Your task >> Starting from the line with "Grey PlanB beanie" and going up to and including the line with "Gorgeous Hollywood Regency", copy the listing below exactly. Leave all images out.

Excerpted records >>
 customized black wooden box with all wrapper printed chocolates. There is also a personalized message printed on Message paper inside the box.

* * *

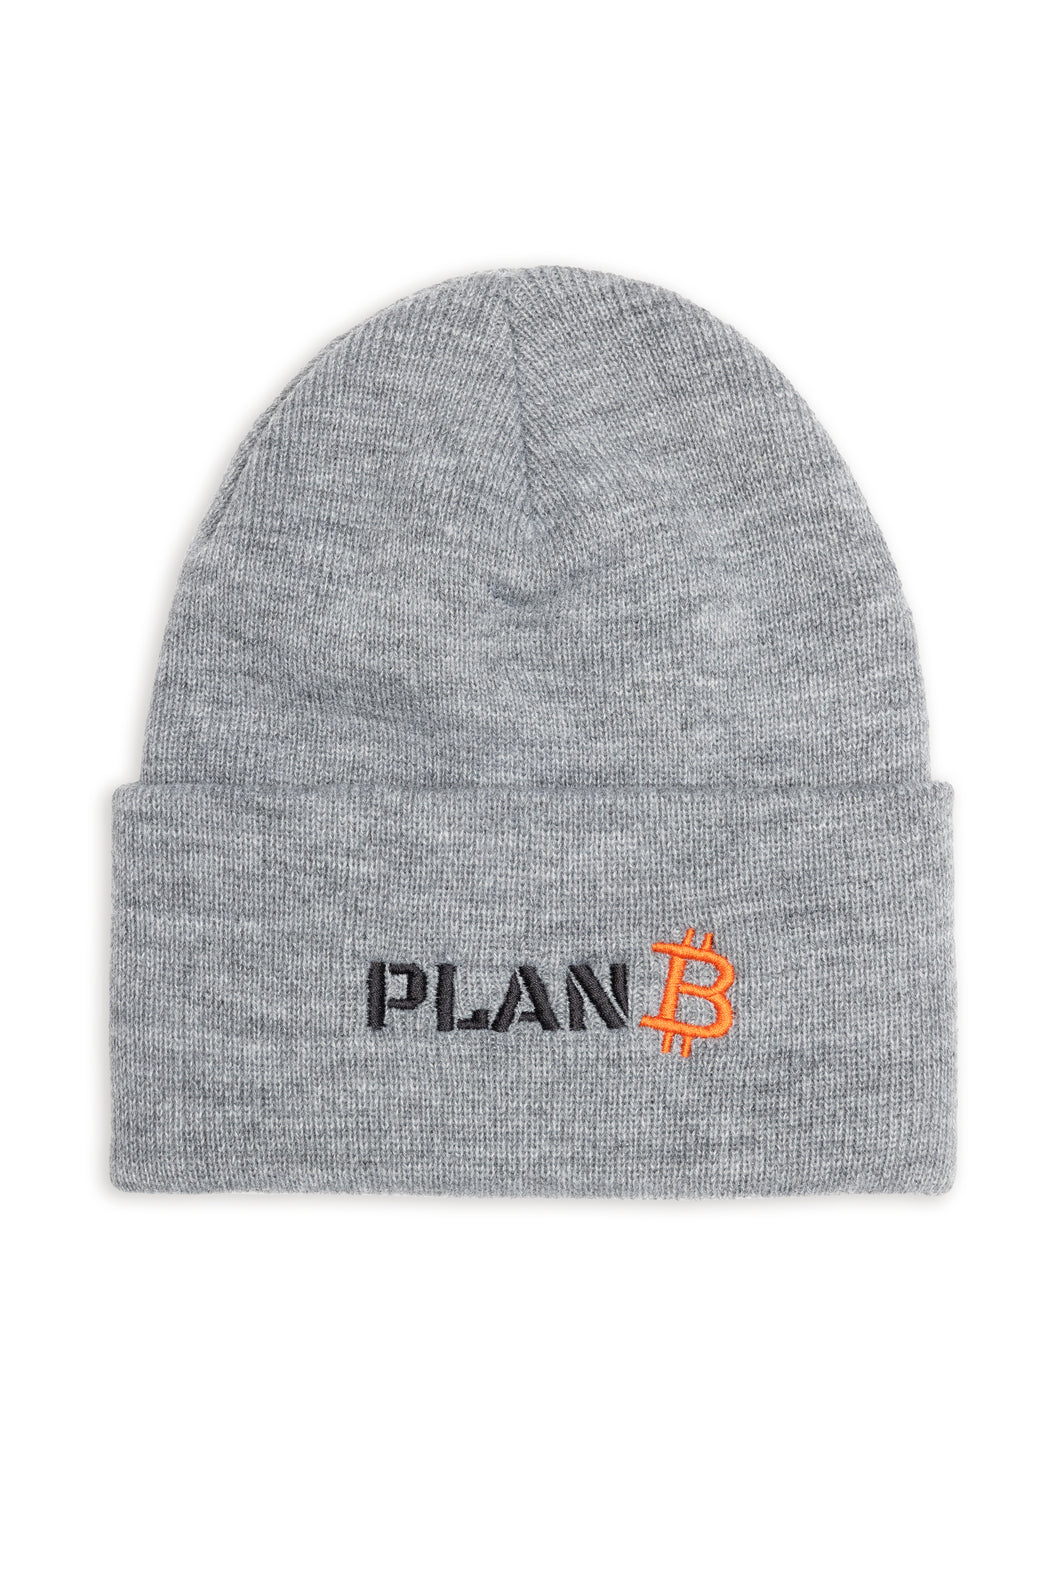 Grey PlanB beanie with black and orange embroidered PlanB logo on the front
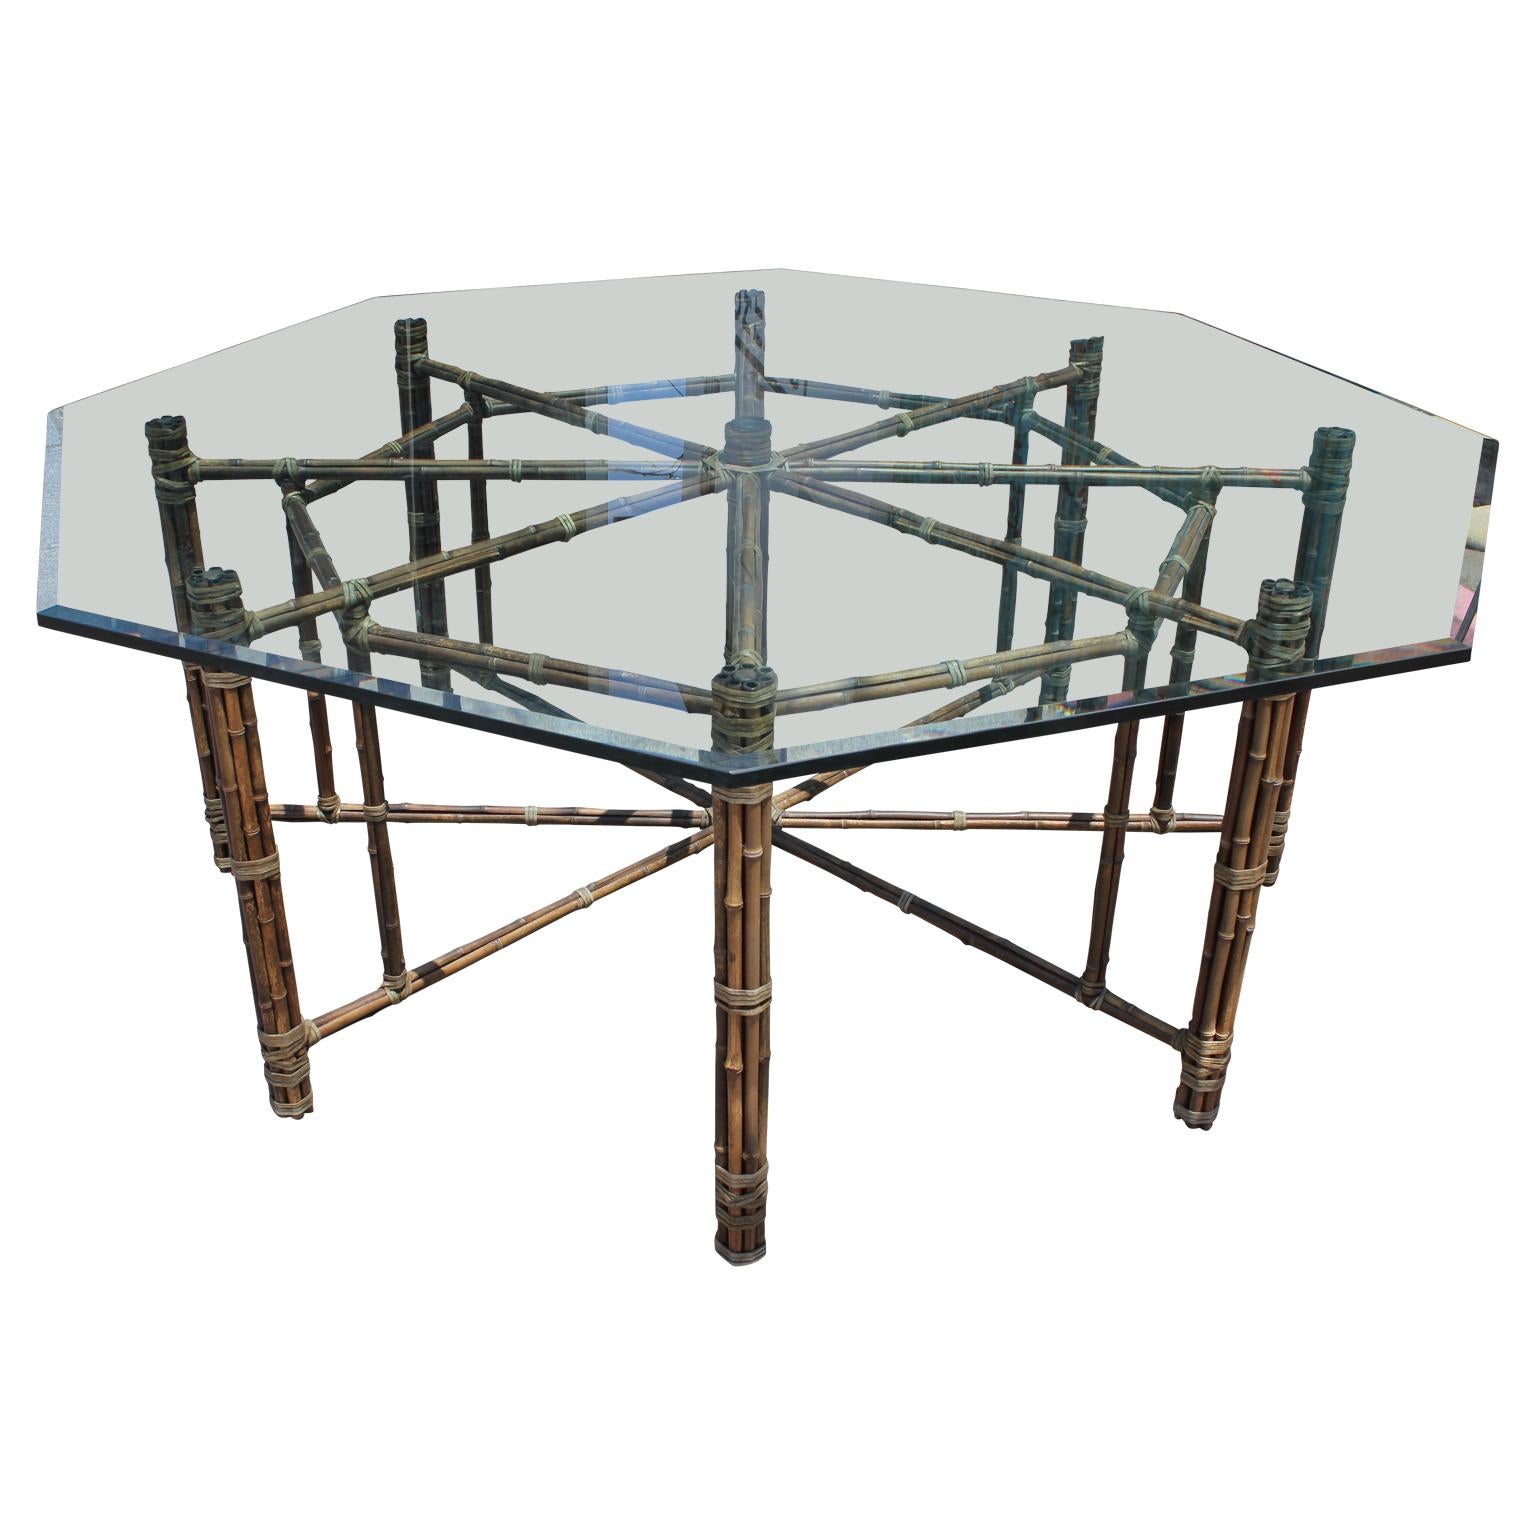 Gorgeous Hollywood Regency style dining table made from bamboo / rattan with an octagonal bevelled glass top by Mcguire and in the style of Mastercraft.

Solution to this exercise >>
 Grey PlanB beanie with black and orange embroidered PlanB logo on the front
 Gorgeous Hollywood Regency style dining table made from bamboo / rattan with an octagonal bevelled glass top by Mcguire and in the style of Mastercraft.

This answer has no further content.